WHAT IS NEEDED:
Your task is to copy the listing exactly, with the pictures left out.

Start of DATA SHOWN

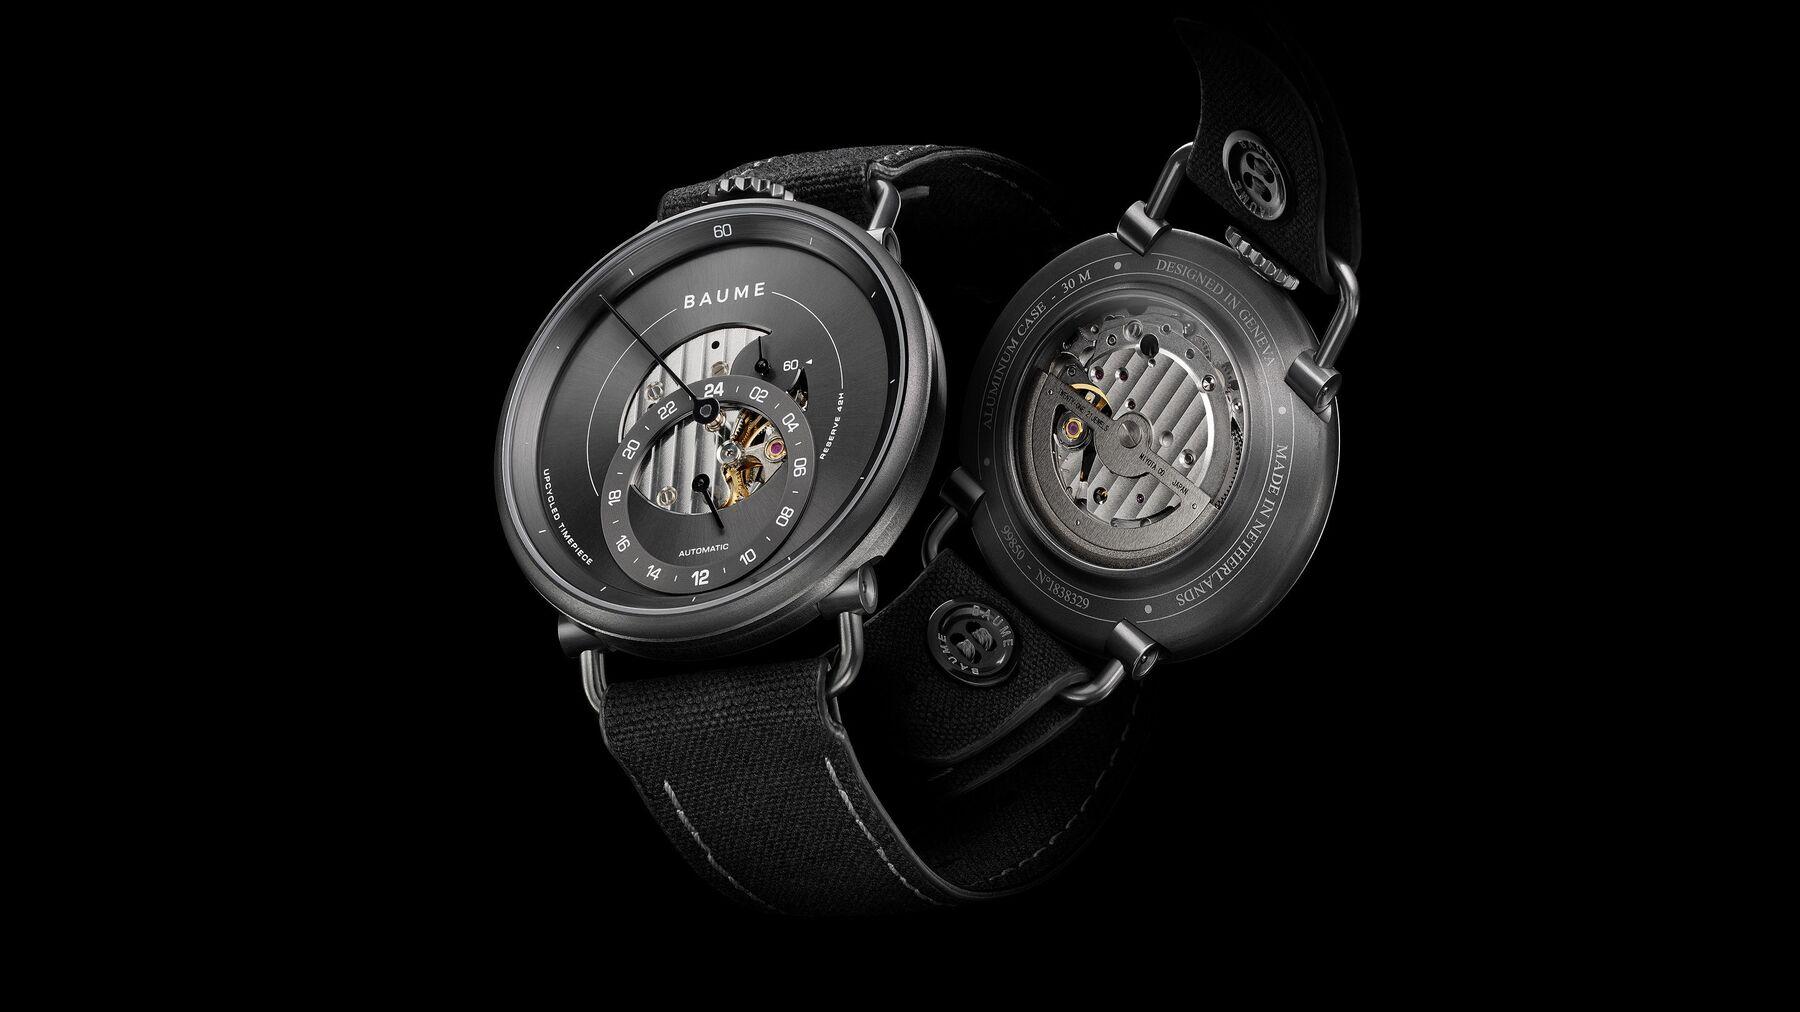 liên quan đến Chiến lược mới của Richemont dành cho đồng hồ xa xỉ: Không có vật liệu xa xỉ
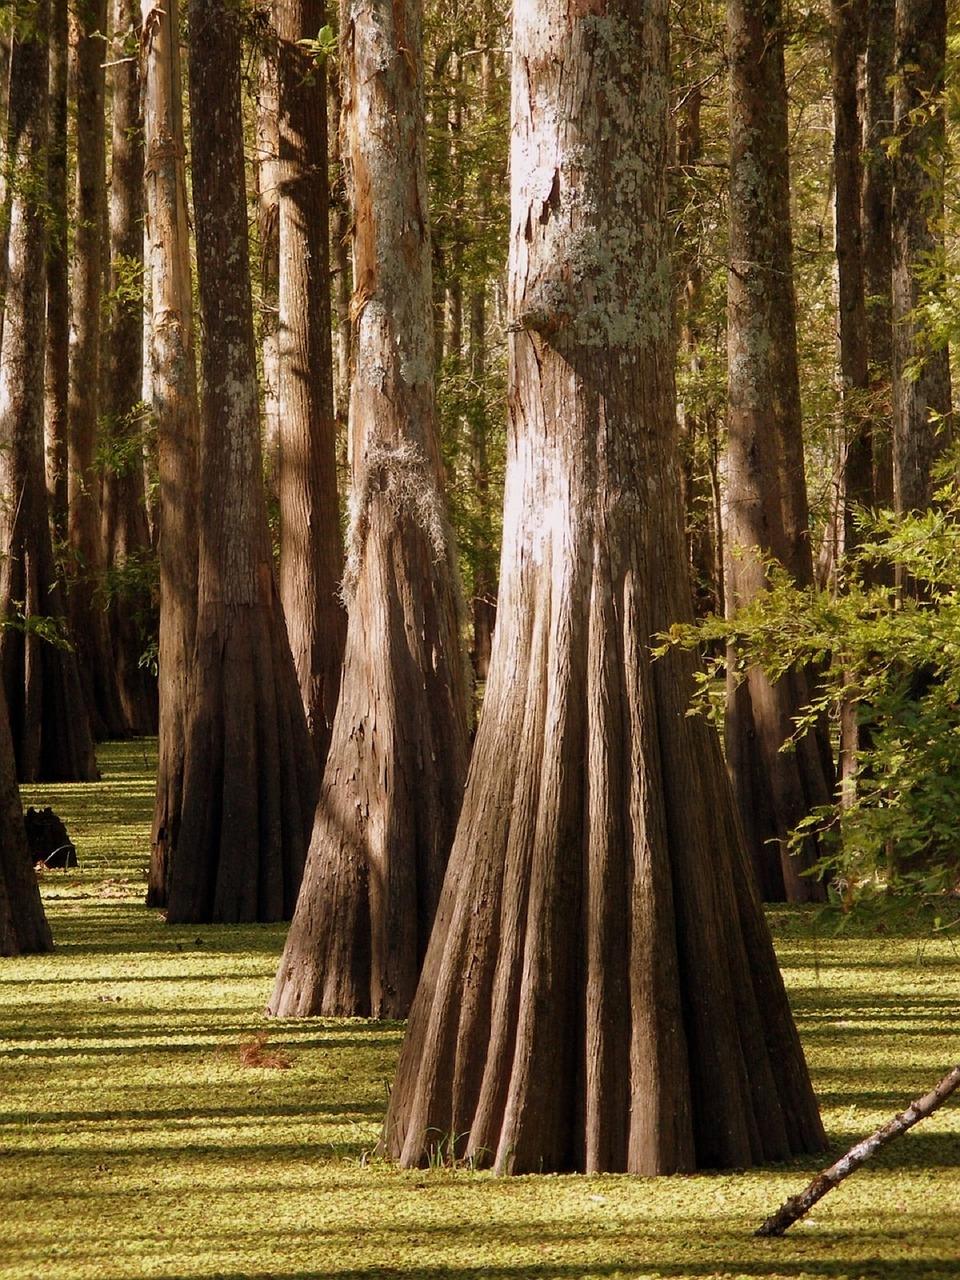 trees-852283_1280
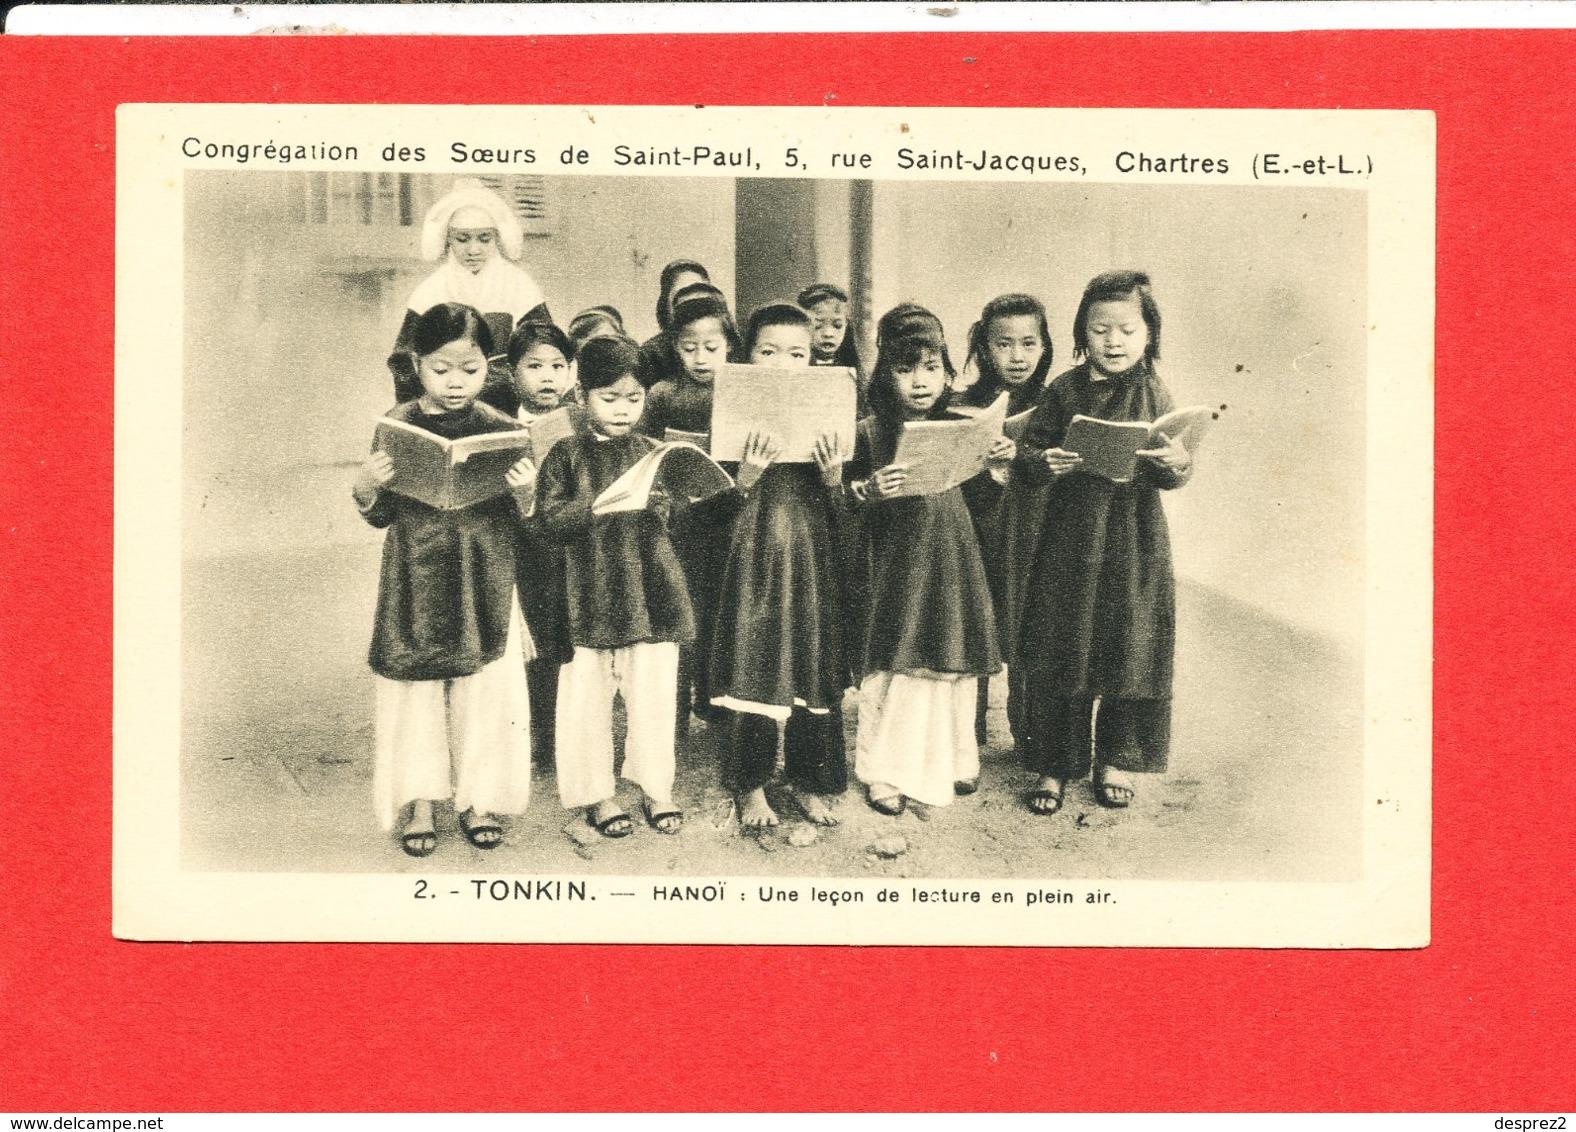 TONKIN HANOI  Cpa Animée Une Leçon De Lecture En Plein Air  2  Cong St Paul Chartres - Vietnam

End of DATA SHOWN

THE ANSWER:
 liên quan đến Chiến lược mới của Richemont dành cho đồng hồ xa xỉ: Không có vật liệu xa xỉ
 trees-852283_1280
 TONKIN HANOI  Cpa Animée Une Leçon De Lecture En Plein Air  2  Cong St Paul Chartres - Vietnam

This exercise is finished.